João Oliveira, organizador da corrida que ontem "deu raia" e não se
realizou em Lousada (Porto), fala ao "Farpas" e dá a sua versão dos
factos, depois de ter sido acusado "de tudo e mais alguma coisa" e de
até andar a circular nas redes sociais um "cartaz", que ele atribui
aos anti-taurinos, onde se escreve que "é procurado". "Não fugi
de ninguém, pelo contrário, estive fechado dentro da praça cerca de três horas,
com o meu filho de doze anos e só não me mataram por milagre, fui salvo pela
GNR da ira popular e não fui eu o culpado", garante. Quem foi, então?
Oliveira acusa o apoderado Ricardo Levesinho e diz que vai avançar amanhã com
uma queixa-crime "por roubo" contra ele. E diz que também vai ter que
"acertar umas contas" com a Associação do Melão, que deu a cara pela
organização "e depois se descartou, deixando-me sózinho na cara do
toiro". Sobre o caso de Vizela, há três anos, fala também e diz que nunca
foi alvo de nenhum processo por parte da família da criança vítima de paralisia
cerebral, a favor da qual realizou essa tristemente célebre tourada. A versão
de João Oliveira, já a seguir.
- Circula um cartaz no
"Facebook" dando conta de que anda fugido depois do escândalo de
ontem em Lousada. Onde está?
- Estou em minha casa. Não fugi de
ninguém. Estive cerca de três horas "preso" dentro da praça, com o
meu filho de apenas doze anos. A minha mulher, grávida de sete meses, estavava
na rua, dentro do carro e tive que telefonar a um amigo e pedir-lhe que a
levasse a casa, para estar em segurança. No exterior da praça, o povo estava
revoltado e eu não fui linchado, não morri ontem, por milagre. Saí sob a
protecção da GNR. Agora, estão a crucificar-me na praça pública e a atribuir-me
todas as culpas. Reconheço que falhei em algumas coisas, que fui adiando os
pagamentos, mas porque me falharam a mim, mas as coisas acabariam por se compôr
se a corrida se tivesse realizado. Na hora em que o Ricardo Levesinho decidiu
ir embora e inviabilizou a realização da corrida, estavam na rua entre 60 a 70
pessoas para comprar bilhete e mais viriam certamente... Já me falaram desse
cartaz a dizer "Procura-se", com a minha fotografia, mas ainda não
vi. Deve ser obra dos anti-taurinos...
- Disse que lhe falharam. Quem?
- Primeiro a corrida ia ser dada em
parceria com a Comissão das Festas de Lousada, depois acabou por ser com a
Associação do Melão. Deram a cara como organização e no fim descartaram-se,
disseram que não tinham nada a ver e deixaram-me a mim sózinho na cara do
toiro. Mas isso é um assunto que me diz respeito e que eu vou resolver
pessoalmente com as pessoas da Associação do Melão...

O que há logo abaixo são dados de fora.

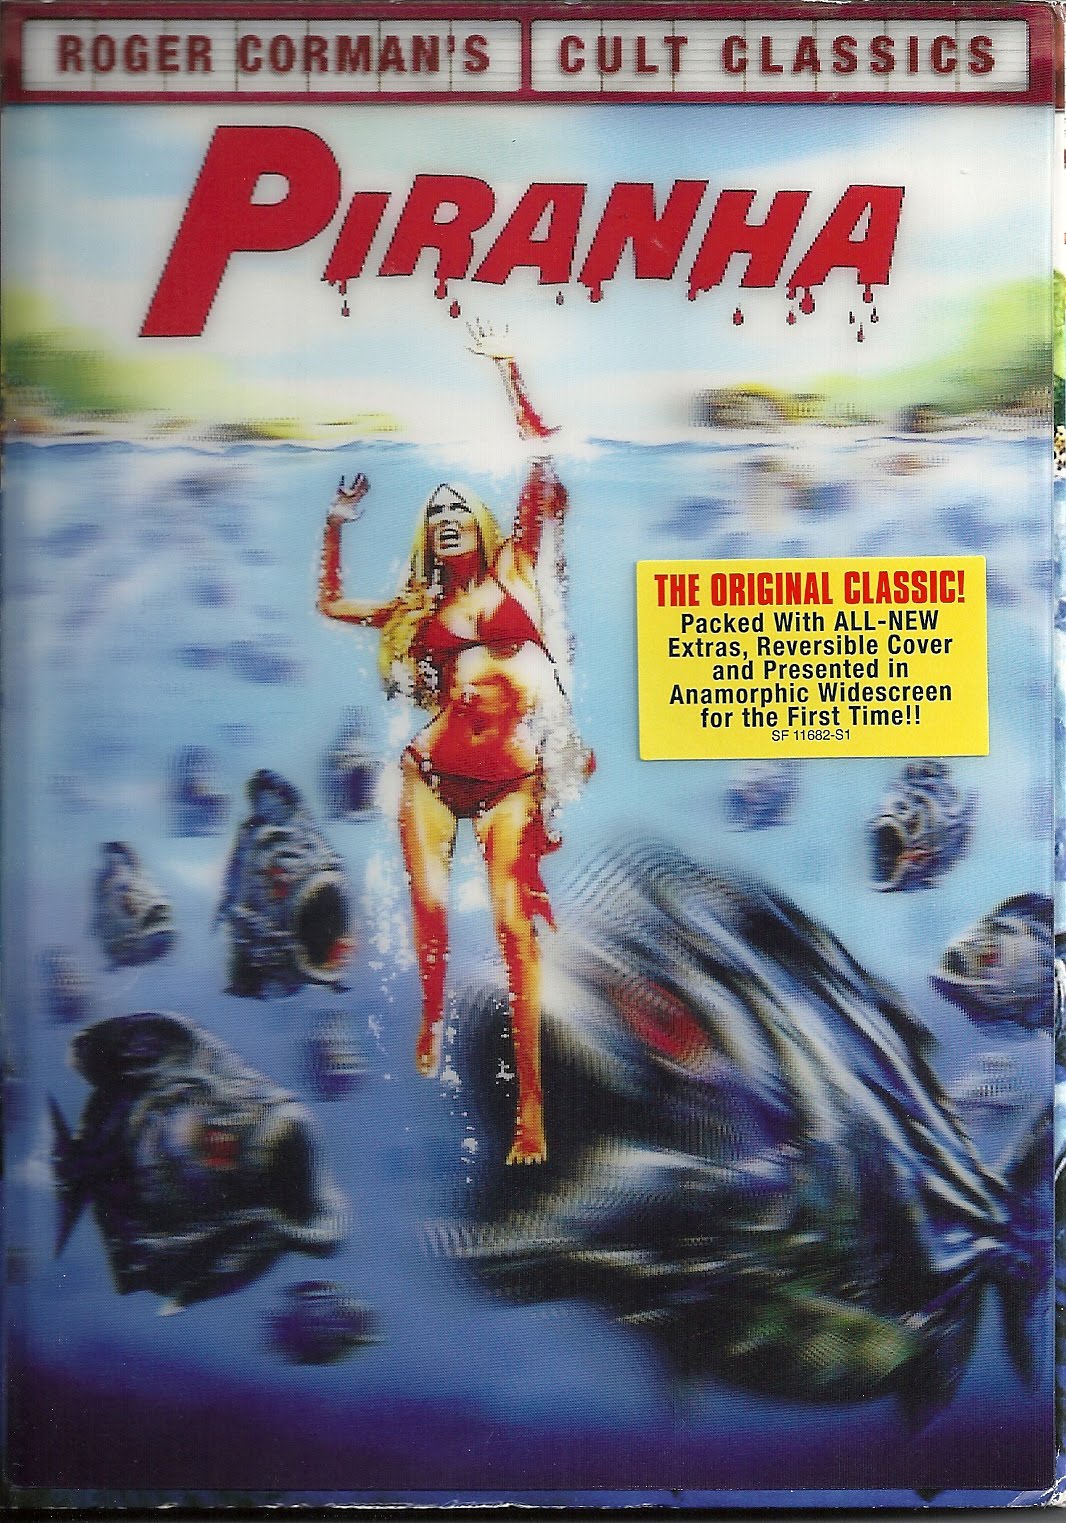 PIRAÑA - PIRANHA (1978)

- Mas é verdade ou não que ao longo do
dia de ontem foi adiando sucessivamente a hora do pagamento aos toureiros,
alegando que a Associação do Melão iria passar os cheques, que nunca
apareceram?
- Porque era isso que estava combinado,
mas, como lhe disse, o assunto com a Associação do Melão trato eu
pessoalmente...
- É verdade que perto da hora de início
da corrida pagou mil euros a cada cavaleiro profissional (Alberto Conde e Pedro
Salvador) e seiscentos euros à cavaleira praticante Verónica Cabaço?
- E também paguei 4.250 euros ao senhor
Agostinho Silva, proprietário da praça desmontável.
- Pagou esses valores aos toureiros por
conta de despesas que teriam tido na deslocação a Lousada, ciente de que a
corrida não se realizaria na mesma ou para que a corrida se realizasse?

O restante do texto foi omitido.